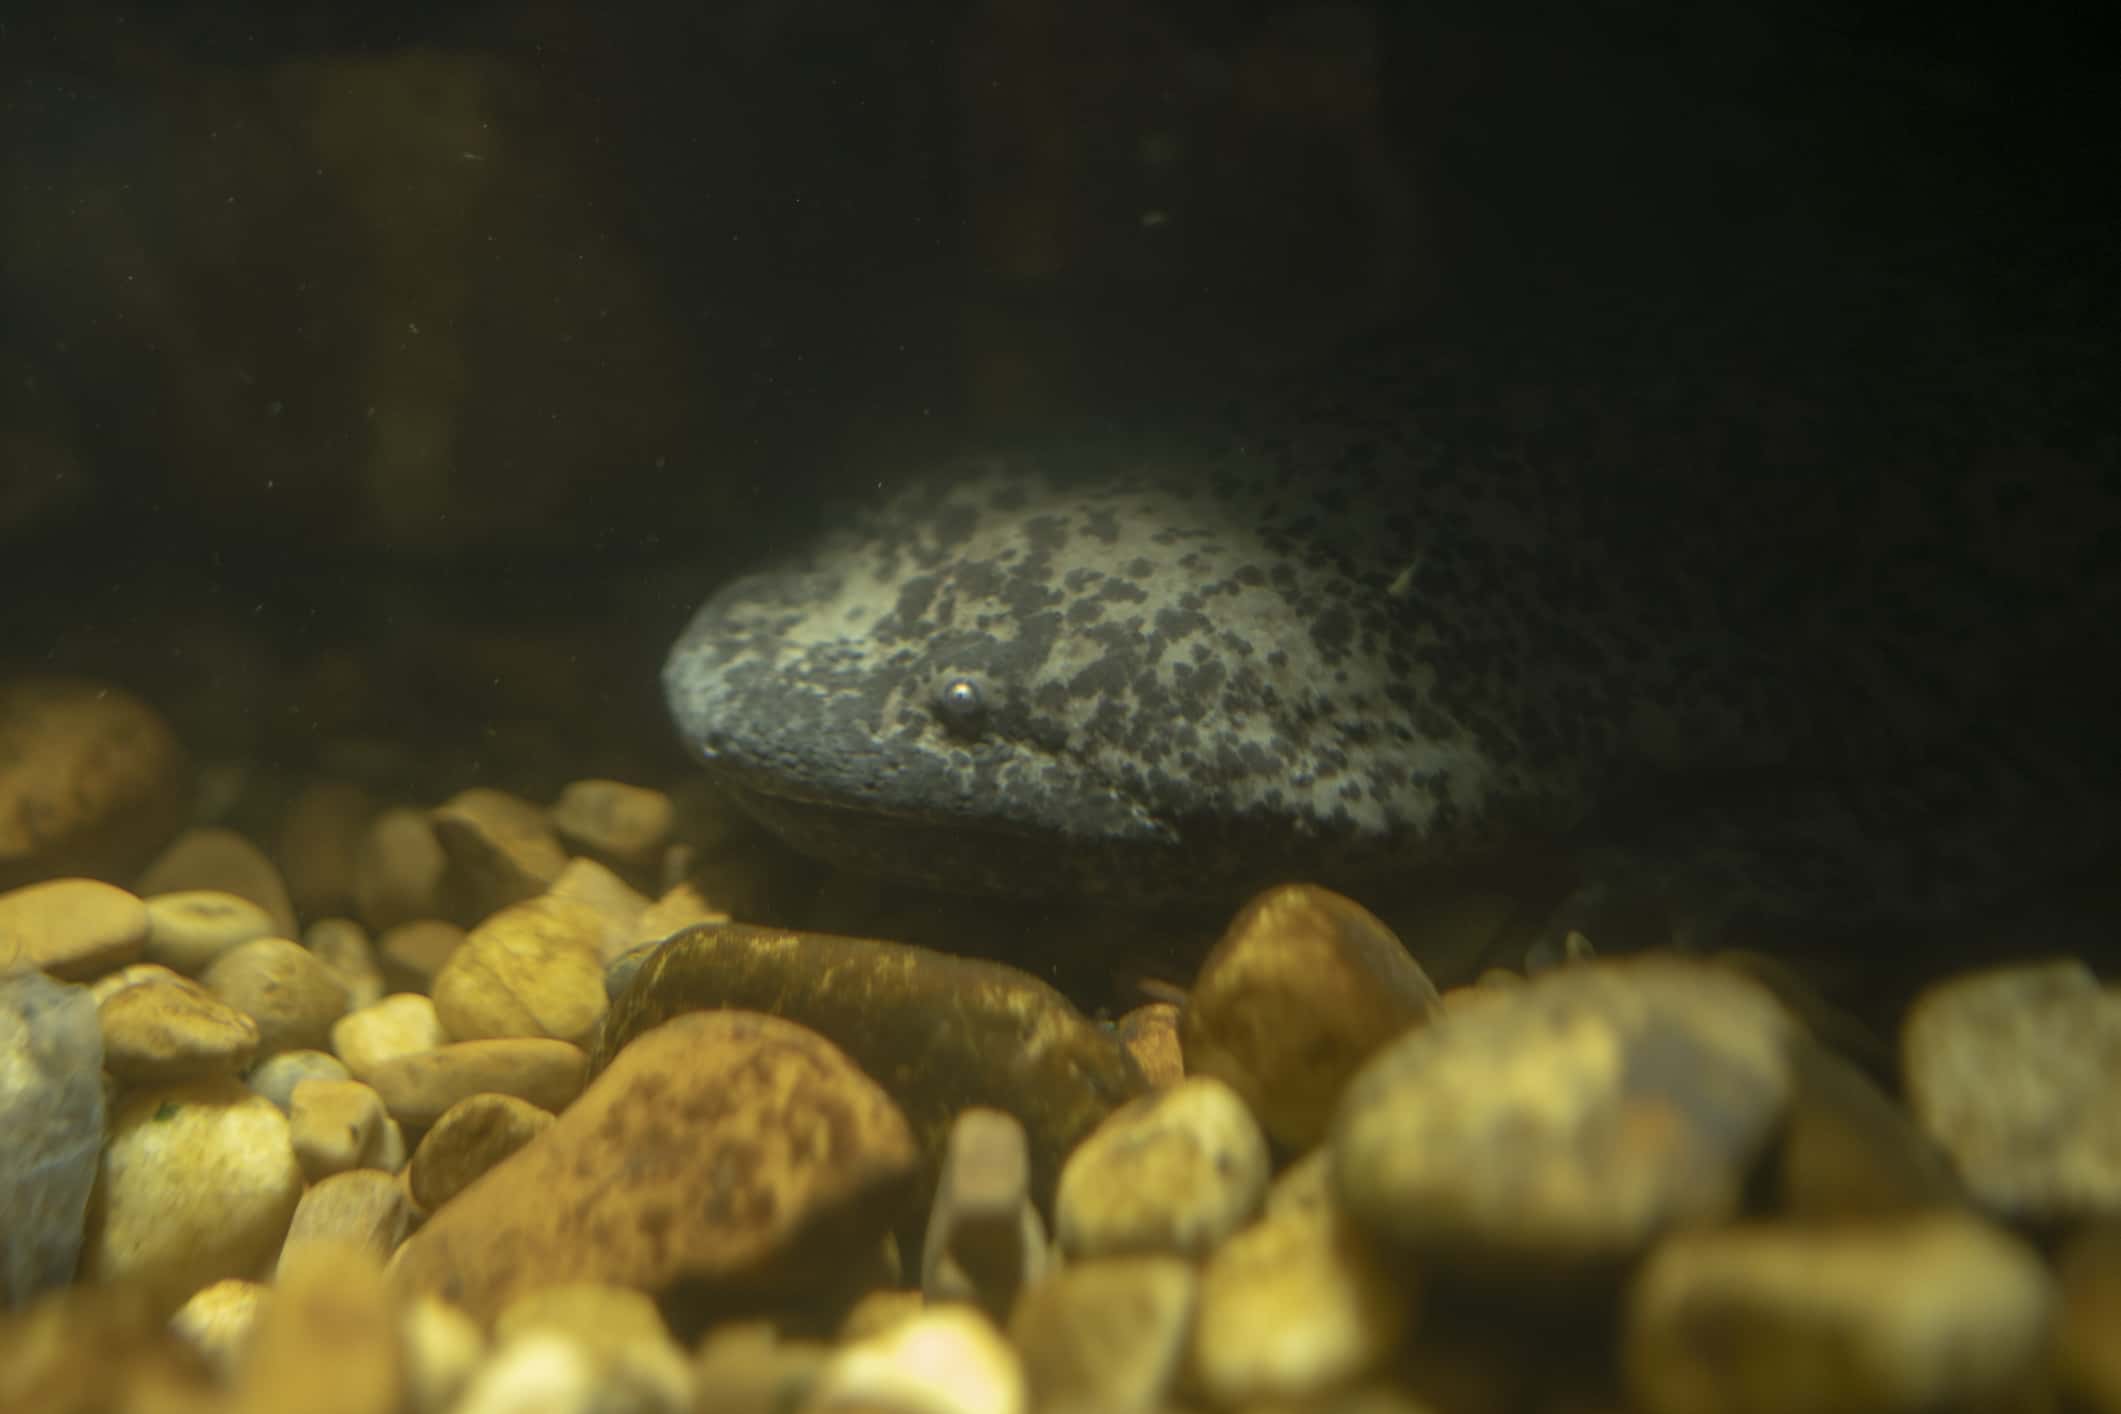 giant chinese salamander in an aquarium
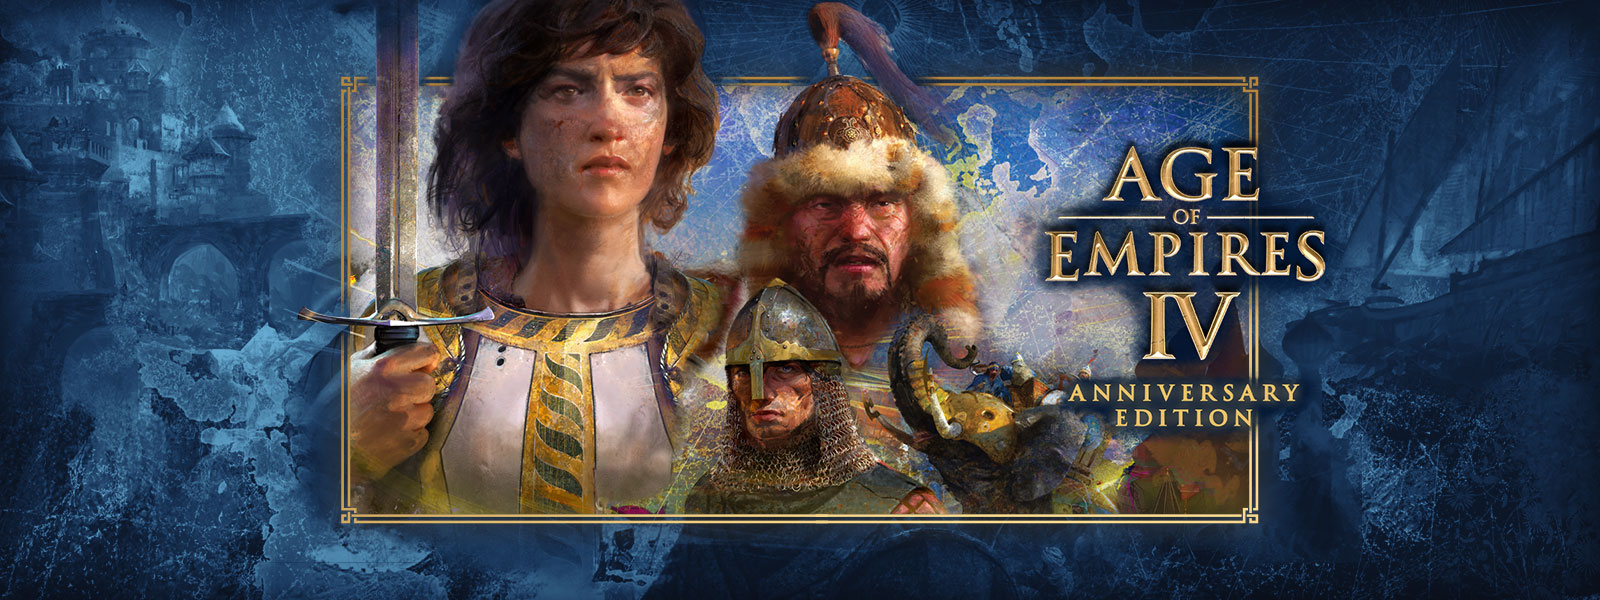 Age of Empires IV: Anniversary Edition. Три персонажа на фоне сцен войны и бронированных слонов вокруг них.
...
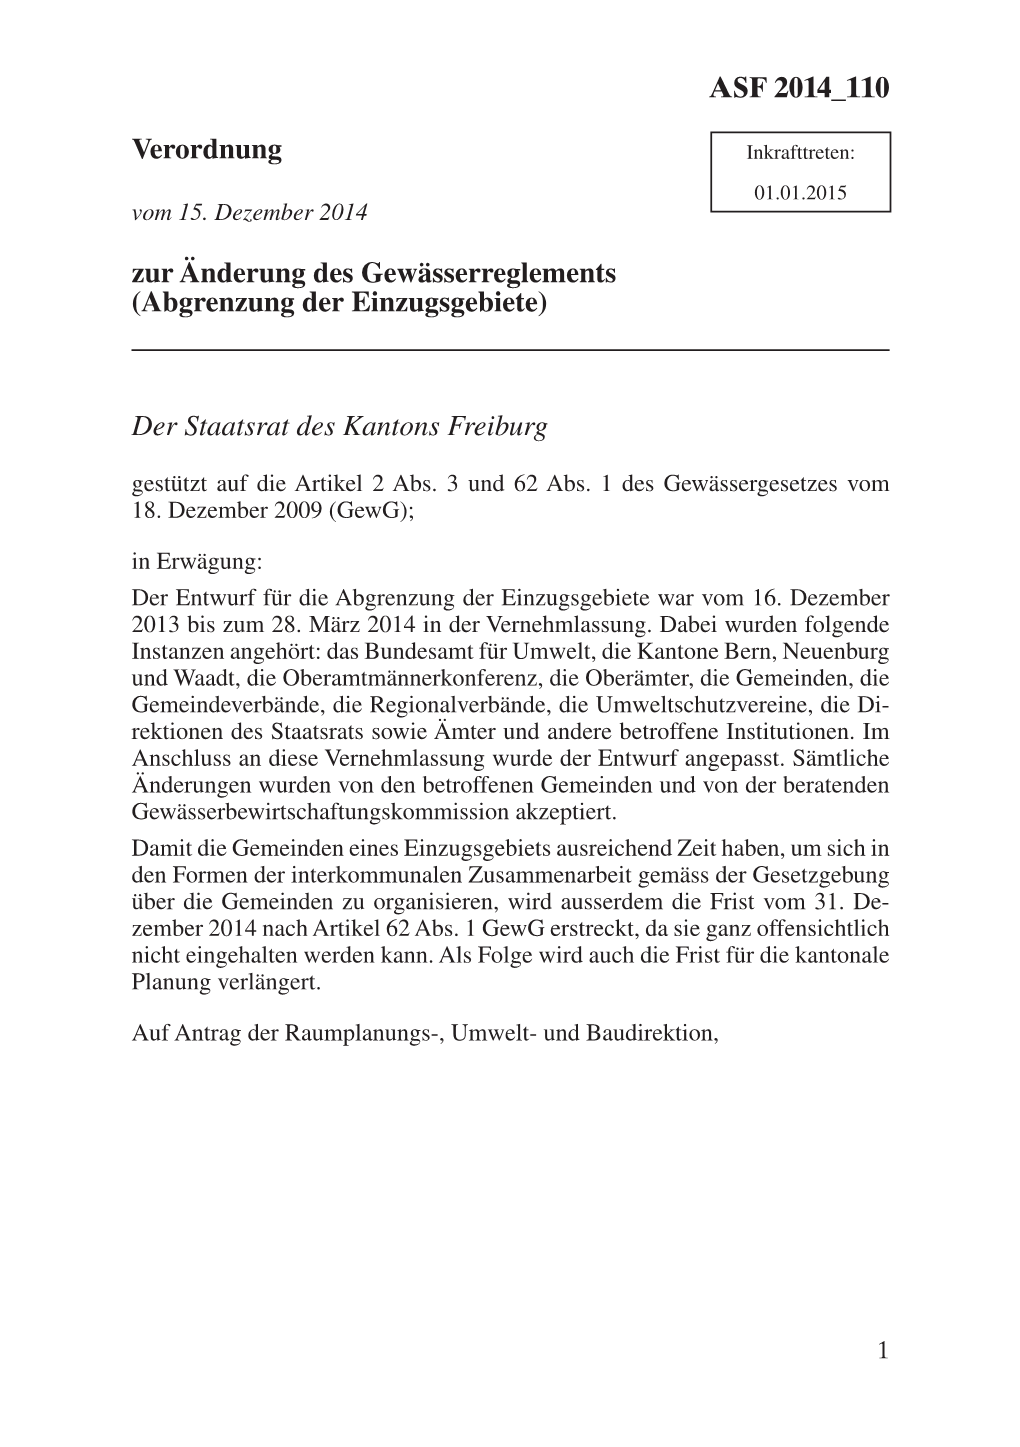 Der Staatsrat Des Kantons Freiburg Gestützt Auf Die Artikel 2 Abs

▶ _YOUR GOAL_
The expected output is the lines above from the one containing "giant chinese salamander in an aquarium" to the one containing "Age of Empires IV: Anniversary Edition. Три персонажа", both ends included, reproduced exactly with every picture left out.

▶ _REPLY TO THE TASK_
 giant chinese salamander in an aquarium
 Age of Empires IV: Anniversary Edition. Три персонажа на фоне сцен войны и бронированных слонов вокруг них.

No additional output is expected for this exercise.